It's been decades since I looked at the Centripetal Force equation. Something like F=-wr^2 So to create artificial gravity during space travel, the space craft must spin at w radians/sec. But the gravity would only be felt at the walls of the spinning spacecraft. As one approached the axis of rotation, the effects would be diminished. In fact, if you were to be standing upright and holding a ball the ball would not fall to your feet as you would expect it because if you release the ball. It would experiene zero gravity until the walls of the spacecraft reaches the free-floating ball. In a spinning spacecraft, you would still be able to jump from floor to ceiling (landing on your head).
it depends http://www.permanent.com/s-centri.htm it all depends on how much gravity you want and how big your wheel is.
good question: Just to nitpick (adding nothing to the physics). There is never 'artificial' gravity. There is only creating conditions to use forces to simulate other environments. The actual gravitational forces are as real as in in any other situation.
explain gravity? Annyway earths gravity is diminished in orbit but far from gone, the astronauts in the space station aren't floating because they gravity is gone but because their in free fall. I'm to lazy to do the math but I'm sure there is more then 90% of earths gravity at the height of the ISS
Please Register or Log in to view the hidden image! http://www.nas.nasa.gov/About/Education/SpaceSettlement/75SummerStudy/Chapt4.html
I don't think you're correct here. If you're holding a ball and drop it, it will want to continue moving in a straight line which will cause it to move toward the floor although in a slightly curving trajectory. It would not float as in zero g. Saying it would experience no "gravity" (centripital force) until it reaches the wall is like saying a skydiver experiences no gravity until he hits the ground!
tostig: The force on a mass m travelling in a circle is: \(F=m\omega^2 r = mv^2/r\) where \(\omega\) is the angular speed and v is the linear speed. r is radius of the circle. madanthonywayne's comments above are correct. You are wrong to say that the ball will not fall at your feet when you drop it. The reason is that you ignore the initial velocity of the ball. As you hold it, in your rotating station, it has the same tangential (sideways) velocity as you do.
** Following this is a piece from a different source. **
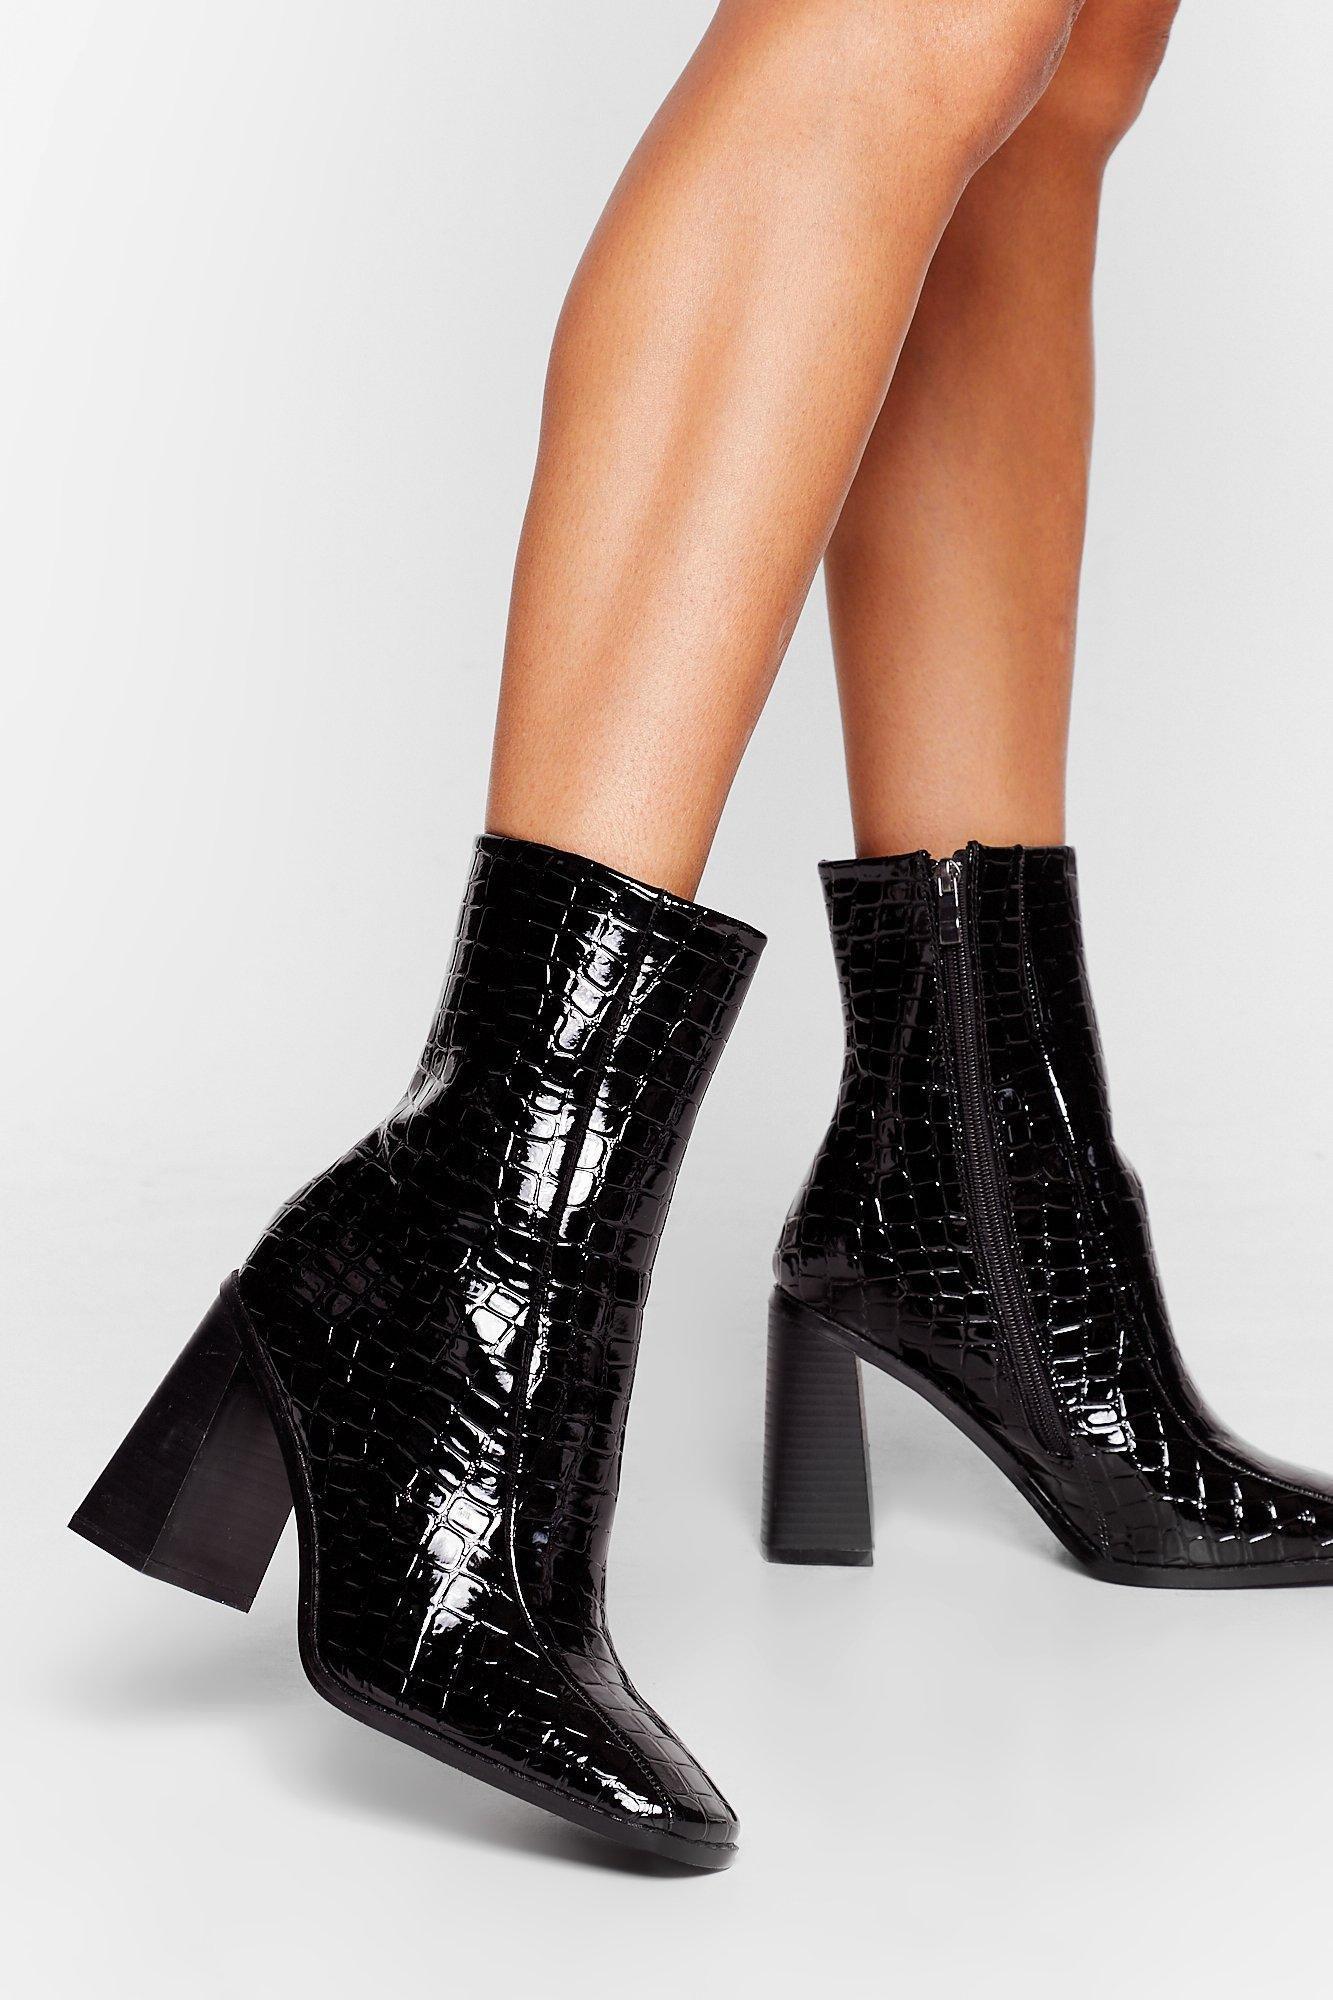 Boohoo Taking Flare Of Business Croc Heeled Boots in Black | Lyst

When you release it, it keeps travelling at the same speed tangentially, but you and the station move "upwards" away from it. From your point of view, it appears to fall directly to the floor. Not unless the rate of spin was low enough, for the same reason as above.
This is a slight oversimplification, as the ball will fall slightly off to one side because of the rotation effects. This effect is less noticeable in larger rotating habitats. Here is an image that shows how the trajectory of a falling object differs in different rotating situations; Please Register or Log in to view the hidden image! As you can see, a falling object is displaced slightly to one side; similarly a hopping person is displaced as well. The larger the rotating vessel, the lower the r.p.m. required to acheive any particular gravity; and the smaller these effects wil be.
Eburacum45: A very good post. When we make a ship of 10 kilometers in diameter, only the most astute observer will recognize your logic!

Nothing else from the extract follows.